All the President’s Men (1976) is an intense, paranoid drama about journalism. It’s about writing a story when you don’t know what the story is.
Naturally, this is a film about words and, to emphasize this, we see evidence of words everywhere. Newspapers and manuals crowd journalists’ desks. Shelves of books line editors’ offices. Stacks of paper occupy journalists’ apartments.
Then there are the actors themselves, who are continually writing – in dog-eared notebooks, on matchbook covers, on typewriters smudged with ink.
Dangerous words are being written. Words that, once published, are not easily taken back. Words that will end careers, and put government officials in prison.
They are words that will topple an American president.
All the President’s Men is adapted from the 1974 nonfiction bestseller by Washington Post journalists Carl Bernstein and Bob Woodward. It chronicles their investigation of the Watergate cover-up that ended Richard Nixon’s presidency.
The two Post journalists are originally assigned to cover an unusual burglary in the Watergate office building in Washington, D.C. In June of 1972, five well-dressed but non-savvy men break into the Democratic National Committee headquarters late at night. The journalists soon discover these clumsy burglars have expensive lawyers, as well as connections in the Nixon administration.
The Watergate scandal happened more than 40 years ago but, aside from the manual typewriters and rotary-dial phones, the film feels fresh. It’s a fascinating look at journalists fumbling their way through a maze, not quite grasping where it leads. This gritty, quasi-documentary depicts the frustration and fruitless hours spent on a story that refuses to be told.
In one scene, director Alan J. Pakula centers the camera on Redford during a phone call. Redford is tense, focused, stubbornly trying to pry information from a source. The camera then sequesters Redford; the more shocking the news Redford receives, the closer the camera inches towards him. It’s one camera, one shot, and the result is so taut you hardly dare breathe.
Scenes like this make you all too aware of the director’s interference, which is something we (as in, yours truly) normally dislike.
In fact, Pakula is directing us (the audience) while he’s directing the camera, but we don’t mind. We’re grateful. Because in a film crammed with dead ends and unanswered questions, it’s a relief to be shown what’s relevant.

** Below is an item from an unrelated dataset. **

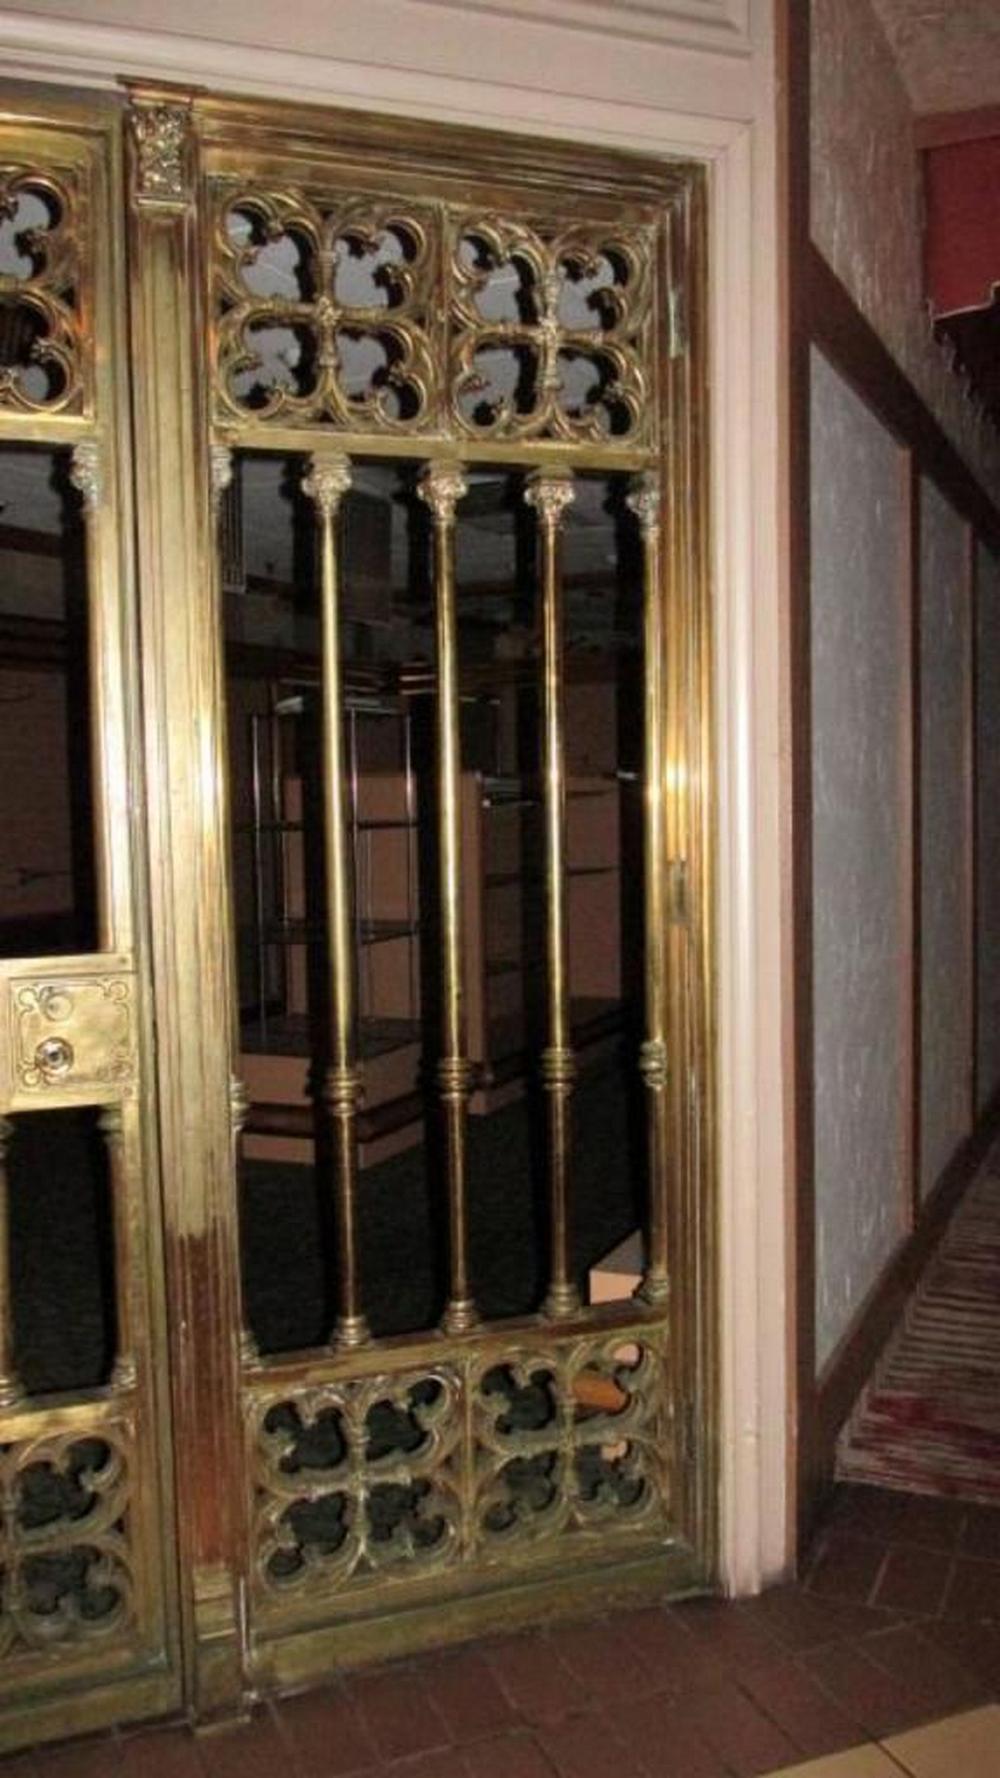 Turn of the century, Gothic Revival, three-piece heavy cast bronze bank gate storefront is very ornate, extremely heavy, locking but lock is not present. Removed from Ohio Citizens Bank in Downtown Toledo, entrance to vault. Wear as expected with

For example, look at the image below. It’s an overhead shot of Hoffman and Redford in the Library of Congress. They sit at one of these tables, combing through hundreds of slips of paper. Pakula’s camera starts at the table, then pulls upwards until you can’t identify the two men at all. It gives you an overwhelming sense of what they’re up against.
Meanwhile, the investigating and the writing continue; the rhythmic clacking of typewriters providing the film’s soundtrack.
From the beginning, the film never lets us forget the words that are poured into the Watergate story. The opening sequence, for instance, shows us a blank sheet of paper in a typewriter. Suddenly, the words June 1, 1972 are pounded into the page with loud, angry strokes.
One of the most haunting images in the film occurs near the end, in the Post newsroom. A television is broadcasting President Nixon’s swearing-in ceremony, an affair laced with military music, balloons, and a 21-gun salute. The camera slowly moves forward until we see Redford and Hoffman behind the television set, hunched over keyboards, oblivious to the televised goings-on – which now seem hollow.
The men type steadily, deliberately, the typewriter keys like pickaxes, hammering at a presidency that will not be able to withstand it.
All the President’s Men was nominated for eight Oscars and won four, including the award for best adapted screenplay.
It really is a film you ought to see.